In 1991, the Cowles Media Company (formerly Minneapolis Star and Tribune Company) broke up and sold off the Denver suburban chain. Local ownership and control of the Sentinel was established via a partnership of publisher Karen Sowell Johnson and president H. Harrison Cochran.

In 1997, a free, rack-distributed publication – The Aurora Sun-Sentinel – was introduced to supplement the paid-subscription Sentinel.

In April 2004, Aurora Publishing Co. introduced The Aurora Daily Sun, a five-day-a-week, tabloid-size publication freely distributed in the city. In June 2007, the Daily Sun adopted the Sentinel brand. In February 2011, Aurora Media Group bought the papers.

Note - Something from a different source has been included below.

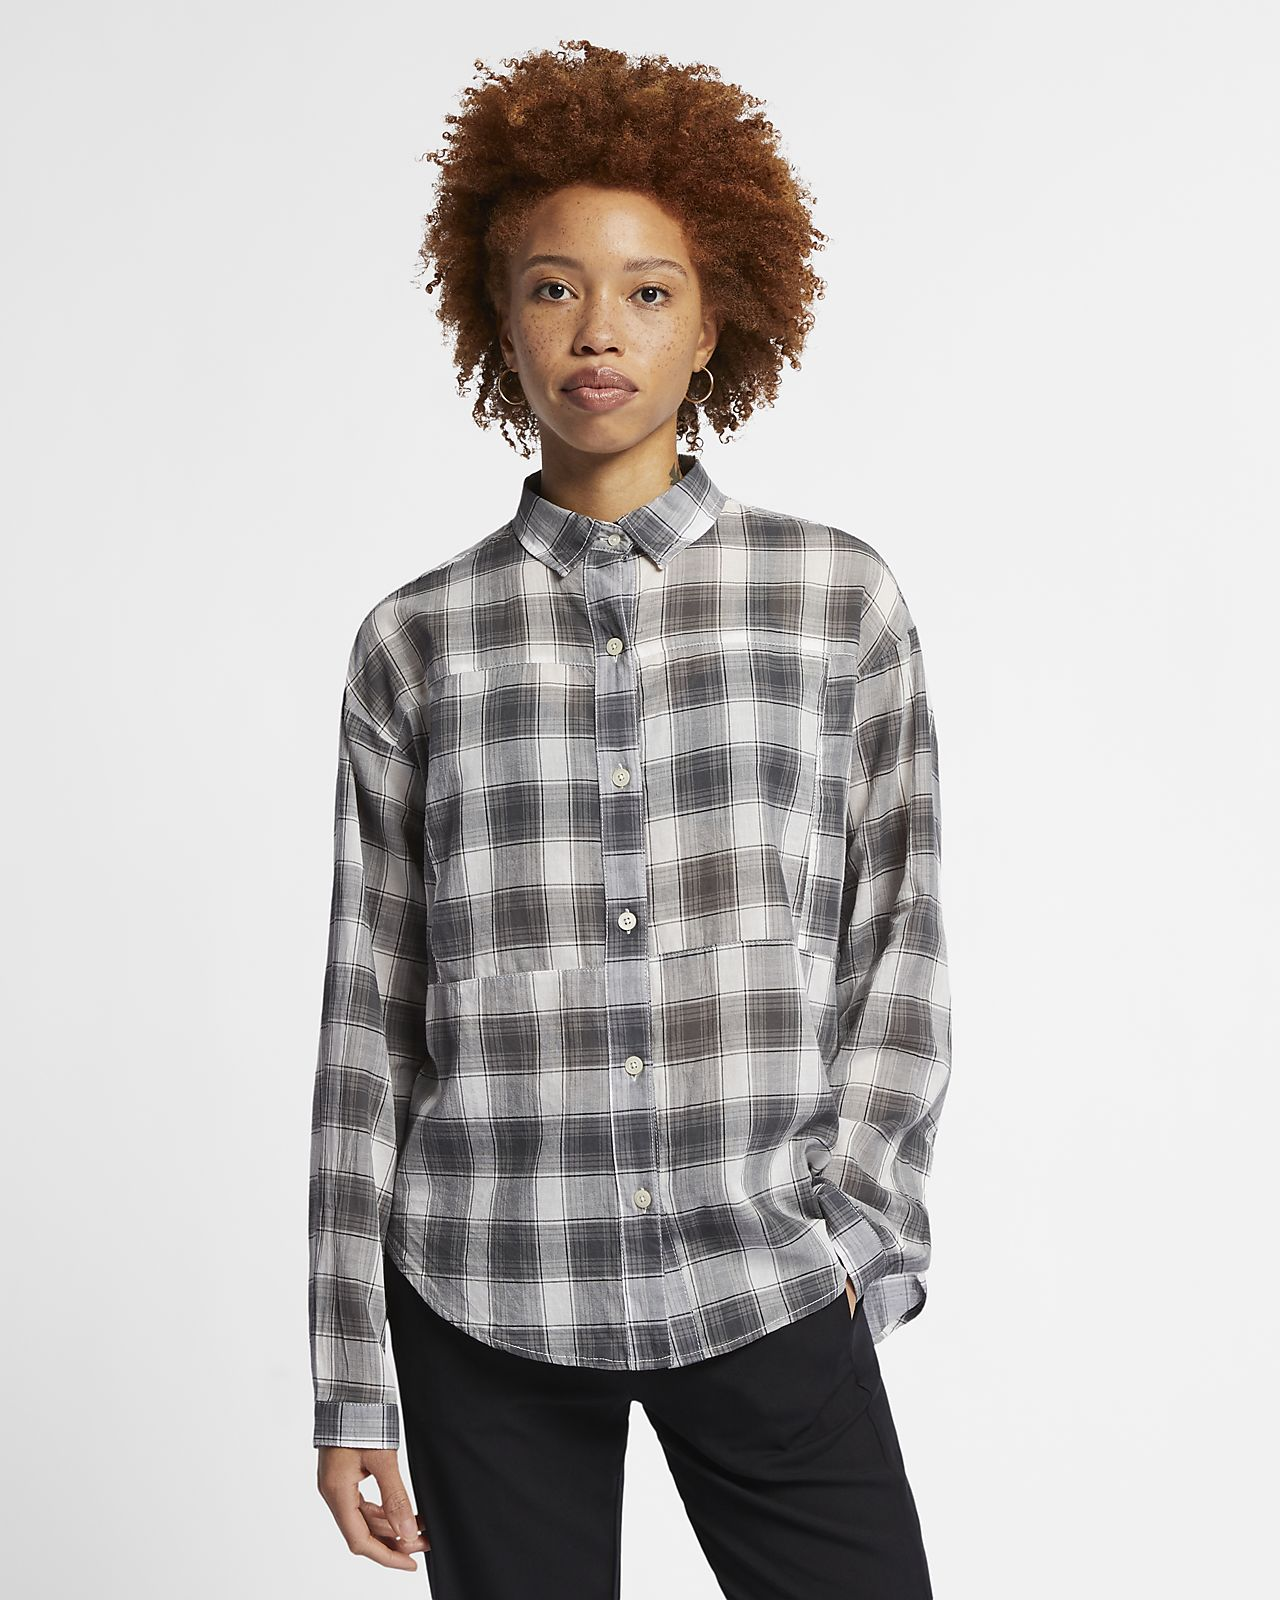 1aa93fa6a1 Camisa de manga comprida axadrezada Hurley Wilson para mulher. Nike ...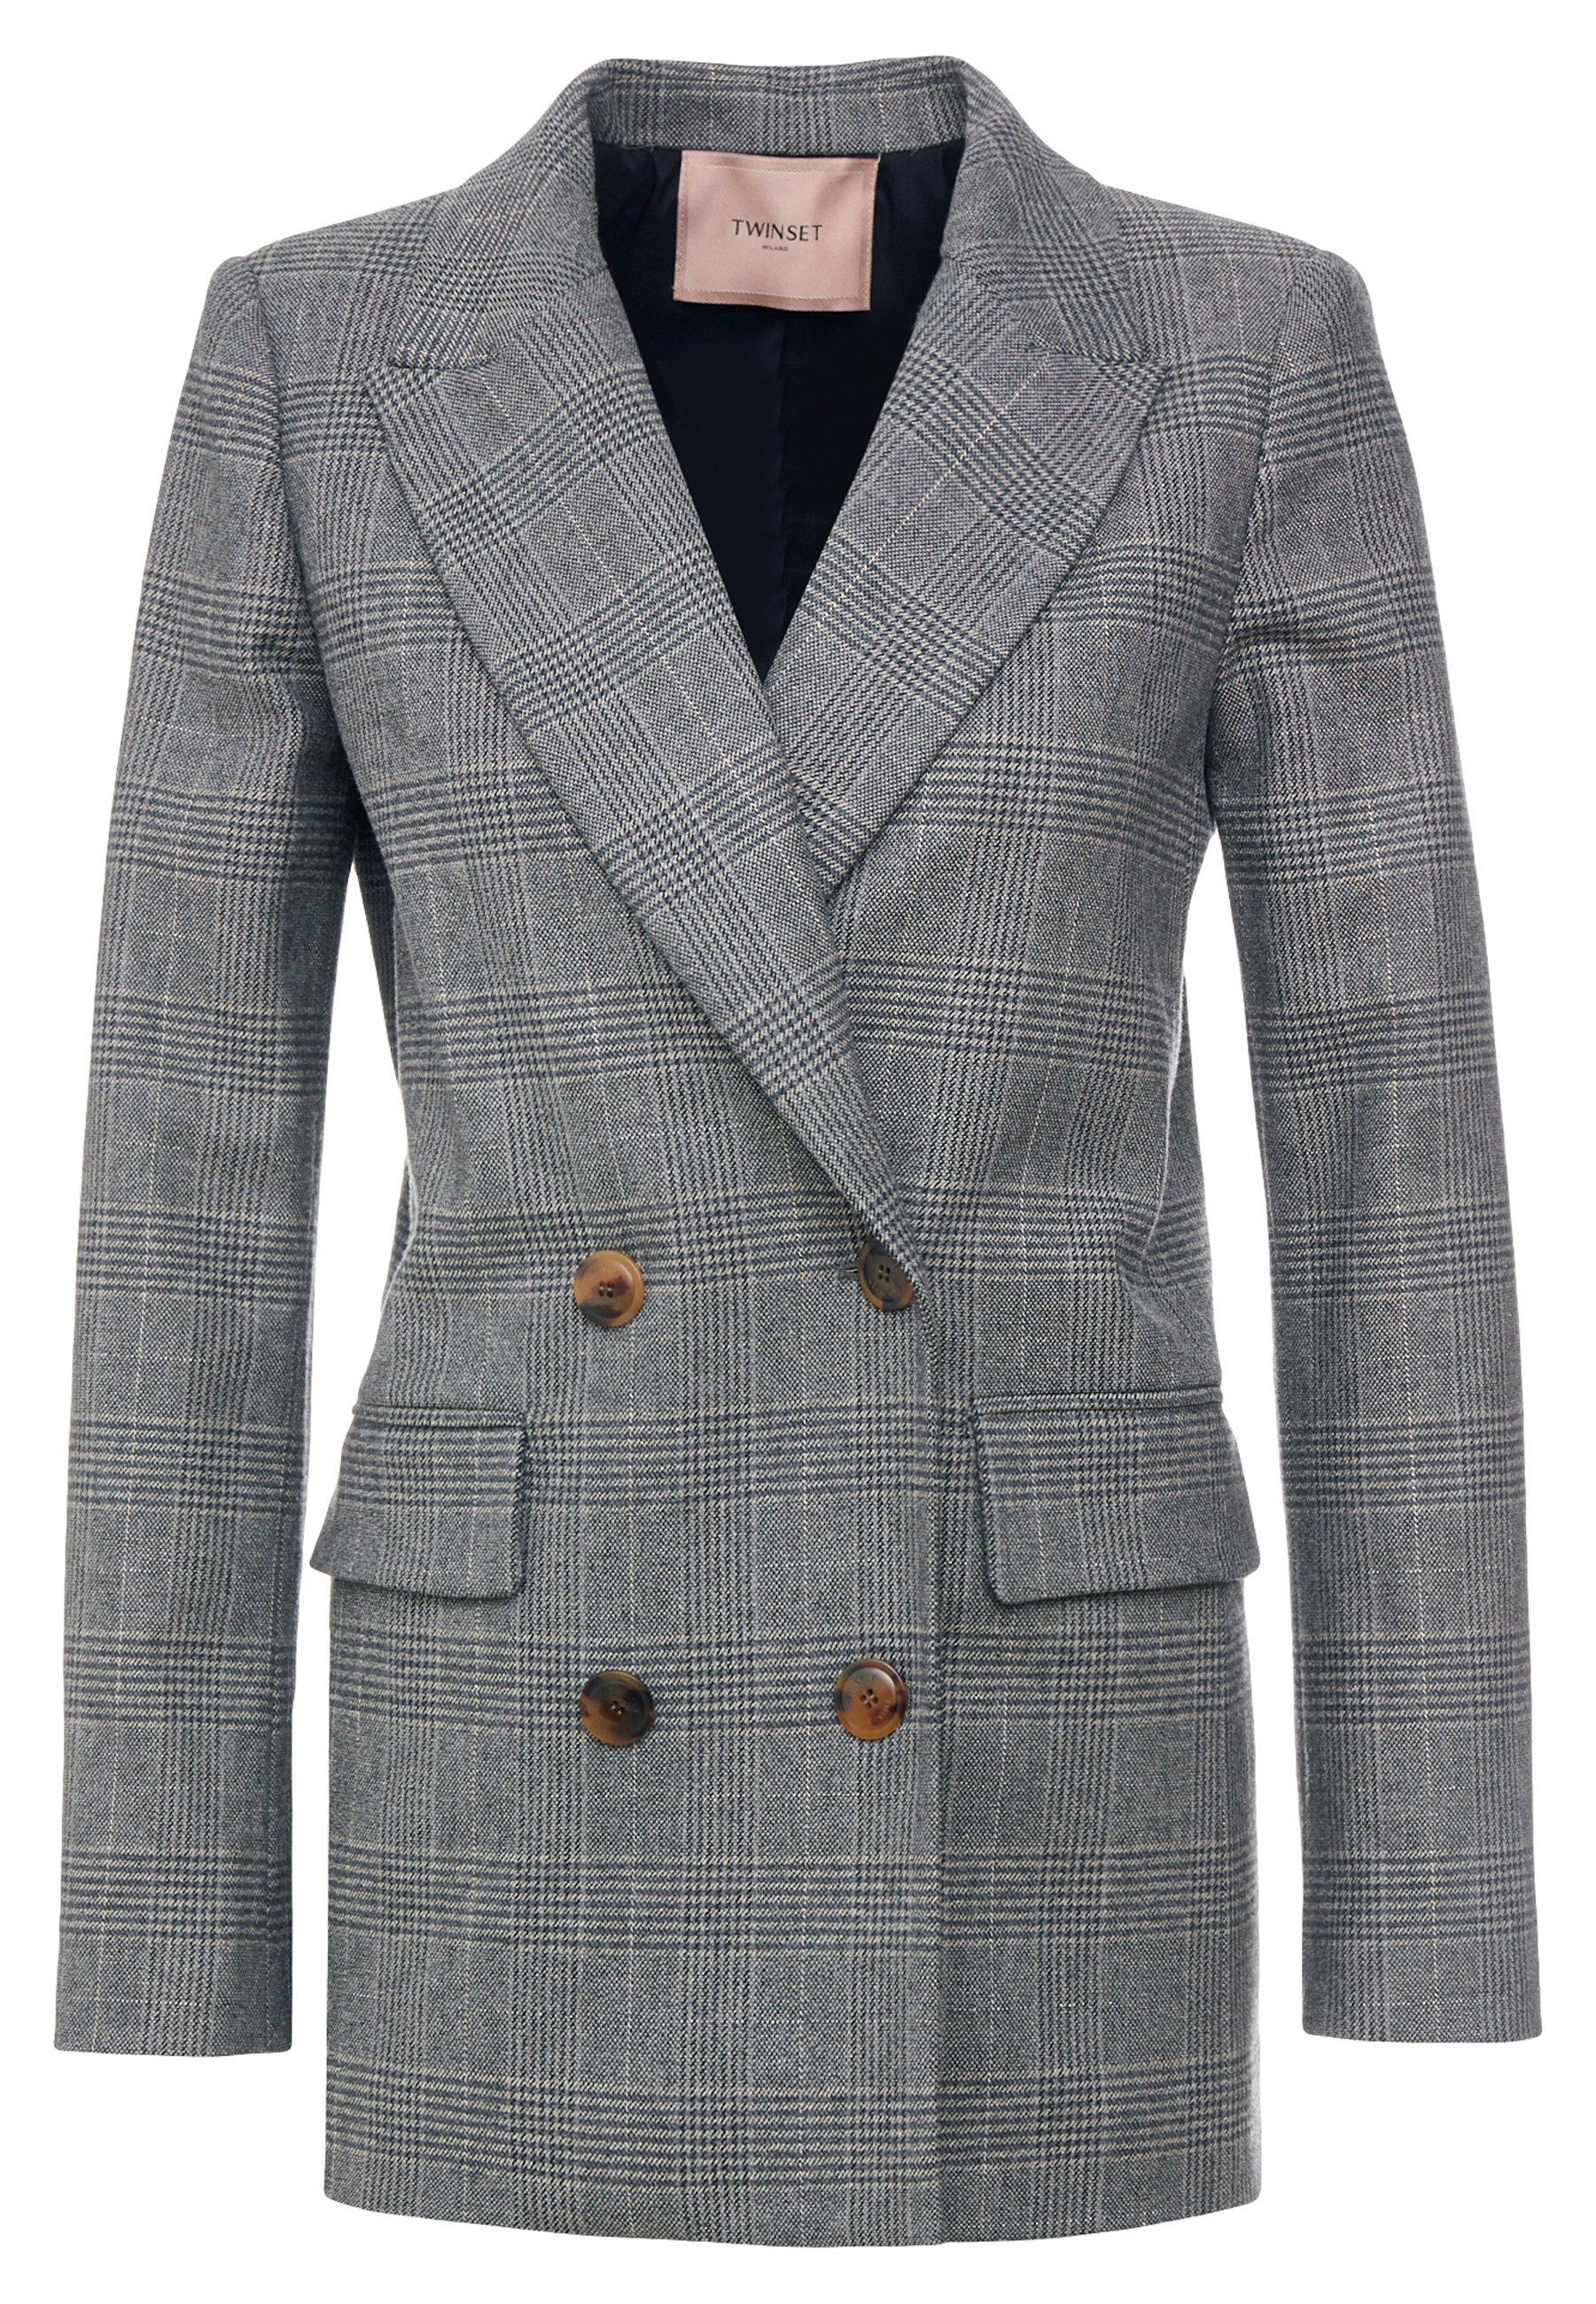 Twinset Lunga Disegno Galles - Blazer Dark Grey 5uqQTDqk

In February 2011, the Aurora Sentinel and the Buckley Guardian were purchased by the Aurora Media Group from the Aurora Publishing Company. In May 2011, the Aurora Sentinel changed from a daily to a weekly publication.

From 2013 to 2017, Aurora Media Group published Aurora, a monthly city magazine.

In 2016, the Buckley Guardian ceased publication.

In February 2018, the Aurora Sentinel rebranded as Sentinel Colorado..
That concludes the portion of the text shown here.